Buchcover:
Neuerscheinung

Alte Gewohnheiten sterben langsam

von Ben Trebilcook

»Das ist die einzige Fortsetzung, die ich sehen will!« – COLLIDER MOVIE TALK

INHALTSBESCHREIBUNG


Joe Brady, Police Detective im Ruhestand, erhält eine Einladung nach Tokio. Die Oshiro-Corporation, ein mittlerweile weltweit operierender Hightech-Konzern, möchte ihn für seinen dreißig Jahre zurückliegenden Heldenmut auszeichnen, als Brady spektakulär eine Gruppe von Terroristen im New Yorker Oshiro-Tower ausschaltete.

Nur zögernd, und begleitet von einem alten, meist übel gelaunten Freund, nimmt Brady die Einladung an. Allerdings scheint er ein Händchen dafür zu haben, immer wieder zur falschen Zeit am falschen Ort zu sein – denn es dauert nicht lange, bis man ihm einen Mord in die Schuhe schiebt, schießwütige Yakuza die in einem noch gigantischeren Wolkenkratzer stattfindende Gedenkfeier stürmen und zudem noch ein Gegenspieler auftaucht, der auf seltsame Weise mit Bradys Vergangenheit verbunden zu sein scheint.

Zusammen mit alten Bekannten, seiner großen Klappe und reichlich Feuerwaffen macht Brady ein letztes Mal das, was er am Besten kann … den Lumpen den Tag versauen.


Ben Trebilcook, Drehbuchautor und erklärter STIRB-LANGSAM-Fan, schrieb »Alte Gewohnheiten sterben langsam« ursprünglich als mögliches Drehbuch für einen immer noch geplanten sechsten und letzten Teil der Reihe. Befreundete Filmemacher, Produzenten, einschlägige Internetportale und vor allem die Fans der Filme waren von seinem Ansatz begeistert, einige der beliebtesten Charaktere für einen großen Showdown noch einmal zusammenzubringen. Sein Drehbuch wurde immer wieder als mögliche Basis für eine Fortsetzung gehandelt, nach aktuellem Stand jedoch zugunsten einer anderen Story wieder verworfen.

Damit Fans der Reihe diesen alternativen Abschluss des vielleicht besten Action-Franchises der Welt doch erleben können, entschied sich Trebilcook, das Drehbuch in eine Novelle umzuwandeln.
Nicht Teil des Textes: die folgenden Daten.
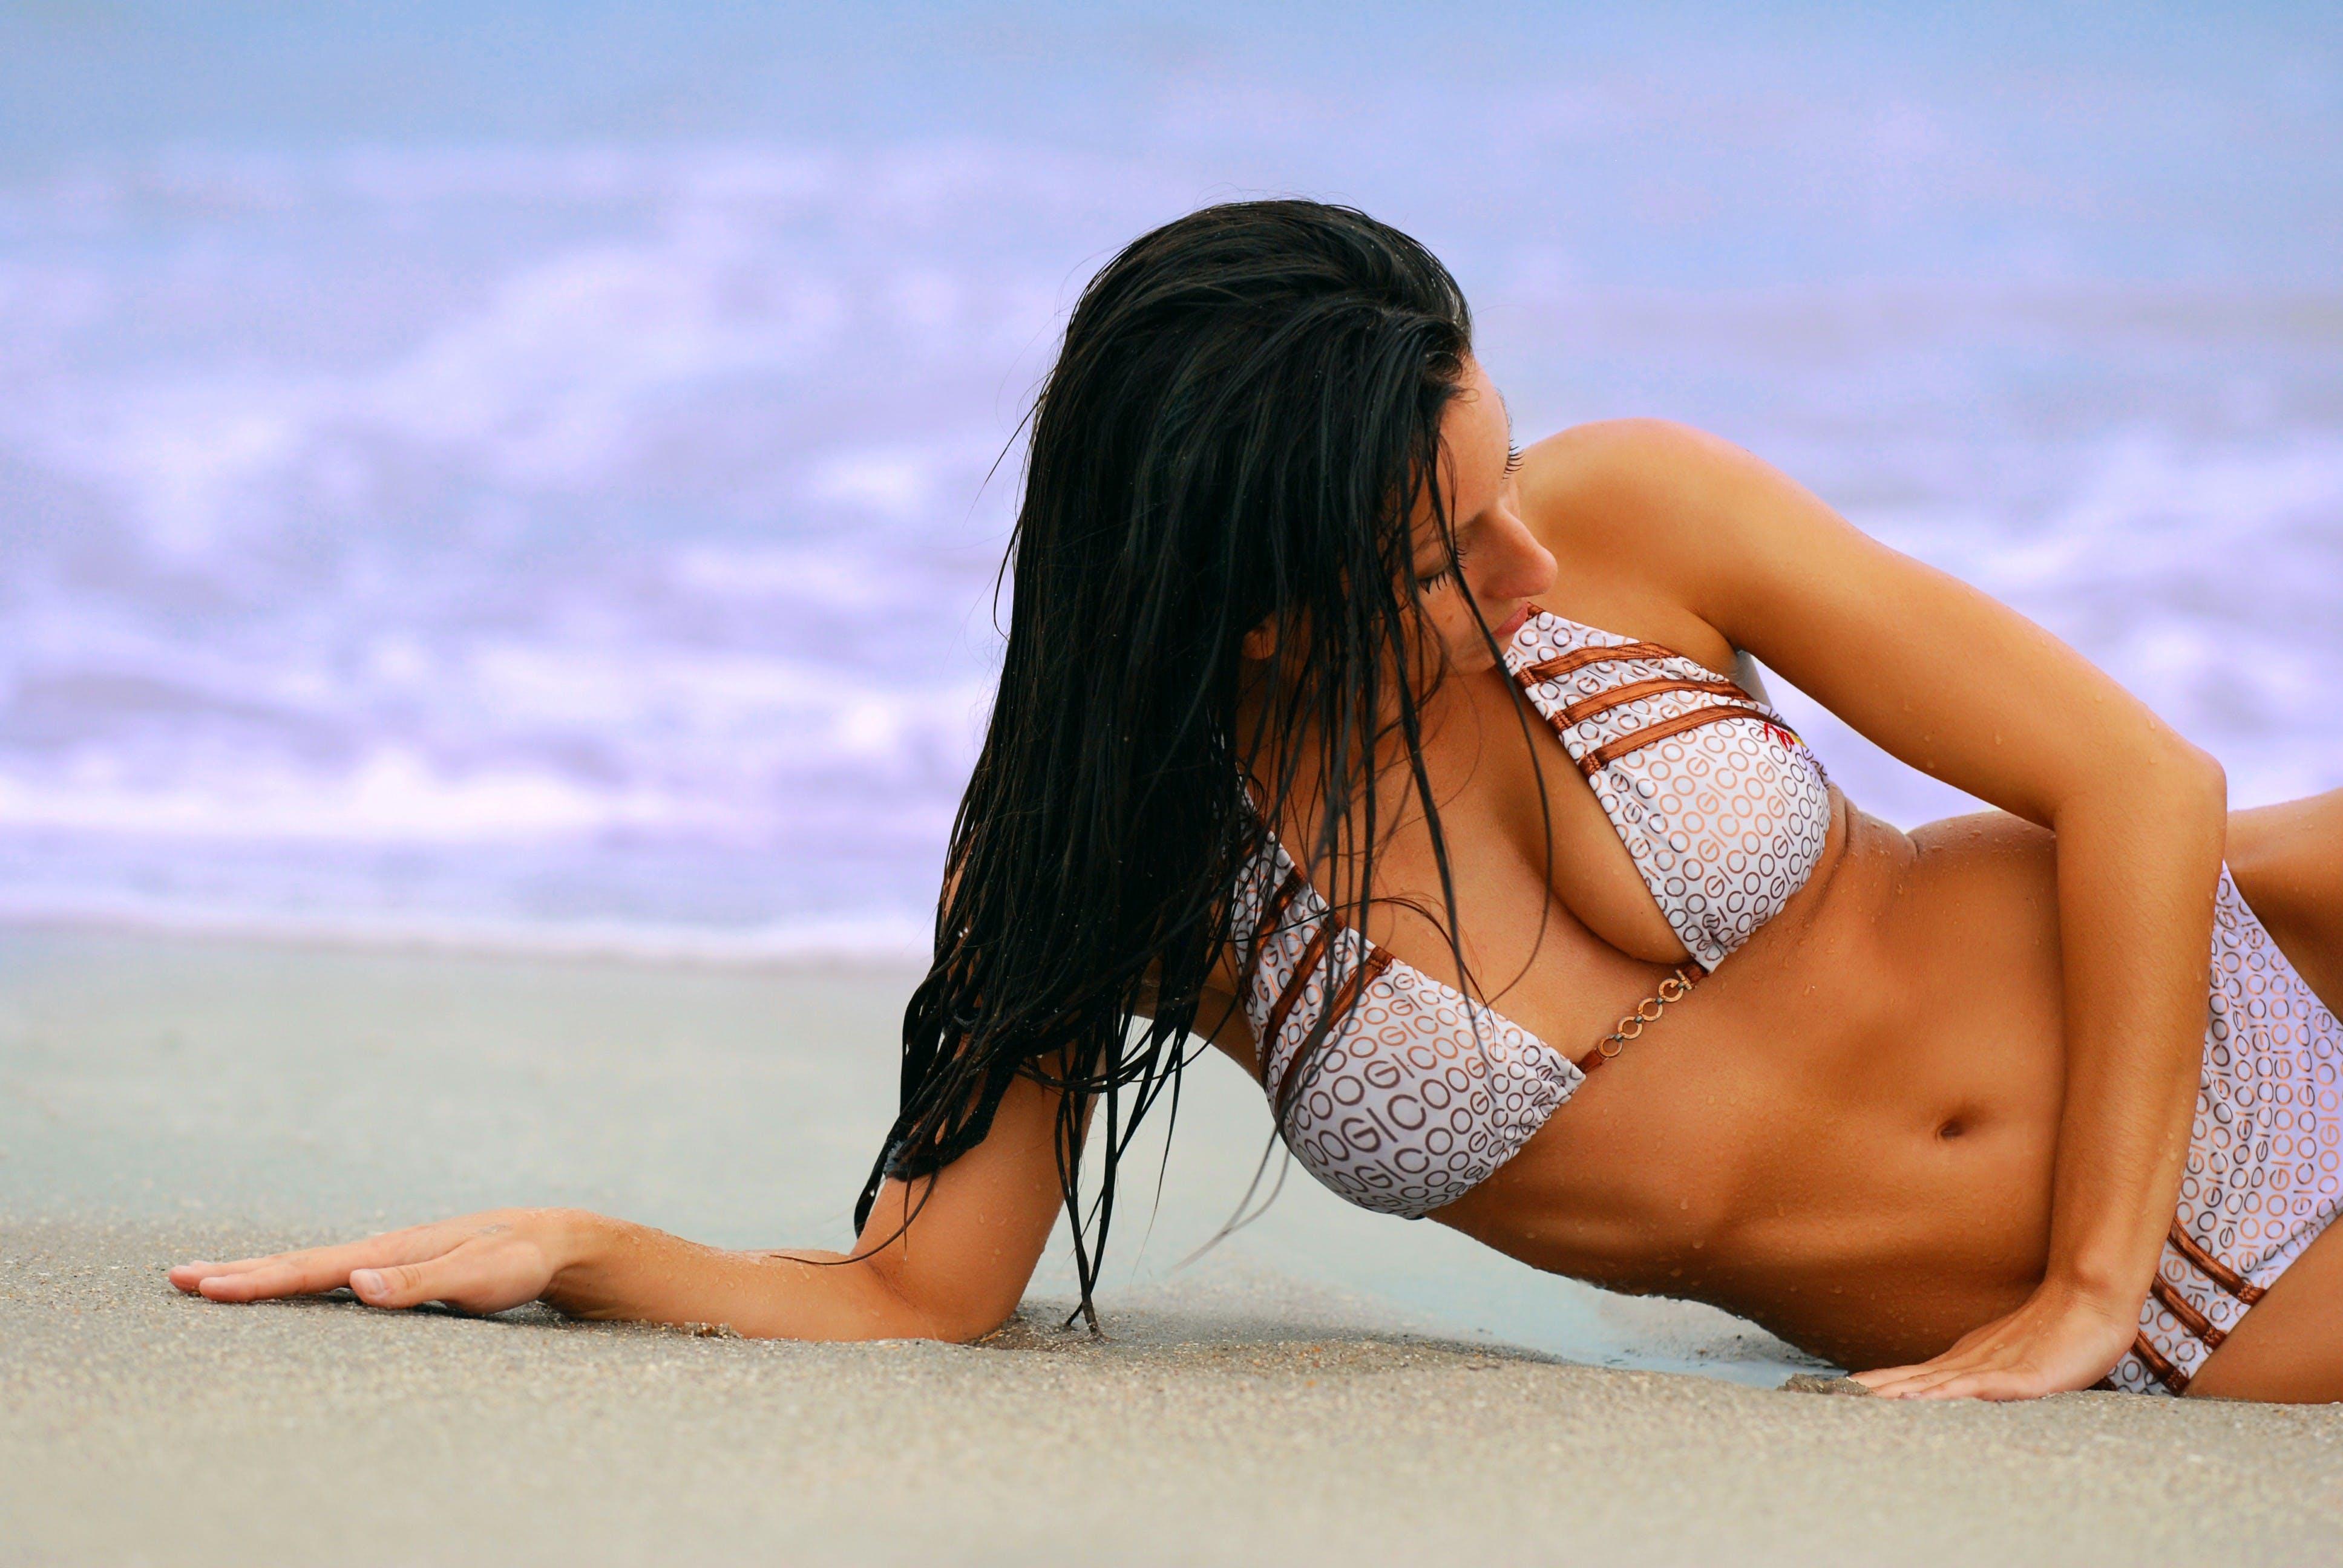 Kostenloses Stock Foto zu badeanzug, bikini, frau, körper

Die Namen der Protagonisten mussten dazu verändert werden, aber es braucht nur wenige Sätze, bis kein Zweifel mehr besteht, wer da im blutigen Unterhemd ein letztes Mal durch ein Hochhaus stürmt.

Brady

 

Vor dem Hackensack University Medical Center in New Jersey kämpften zwei Männer mit einem überdimensional großen Weihnachtsbaum.

Im schwindenden Licht der Dämmerung fixierten sie einen Weihnachtsstern auf der Spitze der Tanne, während in einem der Behandlungsräume der Klinik ein anderer, langsam verblassender Stern behandelt wurde.

Eine Hand ließ schwungvoll eine Röntgenaufnahme gegen einen Leuchtkasten an der Wand klatschen. Auf dem Röntgenbild war ein Schultergelenk zu erkennen.

Der Arzt, dem die Hand gehörte, war indischer Abstammung und um die dreißig. »Okay, Sie können Ihr Hemd wieder anziehen und dann besprechen wir alles weitere.«

Joe Brady war das Inbild eines Zynikers. Er hatte genug vom Leben und von anderen Menschen. Er saß mit nacktem Oberkörper und in Boxer-Shorts auf dem Rand einer Krankenliege und ließ die Beine herunterhängen. Sein Körper glich einer Straßenkarte aus Narben und Verbrennungen. Brady war übersät mit alten Schusswunden, Schnittverletzungen, Kratzern und alten Nähten. Außerdem war er unrasiert, sein Haaransatz merklich zurückgewichen. Die wenigen Haare, die ihm noch geblieben waren, ragten grau und stoppelig aus seinem Hinterkopf. Das kümmerte ihn jedoch wenig, was kaum verwunderlich war, wo er doch auch sonst einen Scheiß auf alles gab, ganz besonders, was Klamotten oder seine Frisur anbelangte. Brady wirkte wie in Trance. Mit glasigen Augen starrte er die Röntgenaufnahme an.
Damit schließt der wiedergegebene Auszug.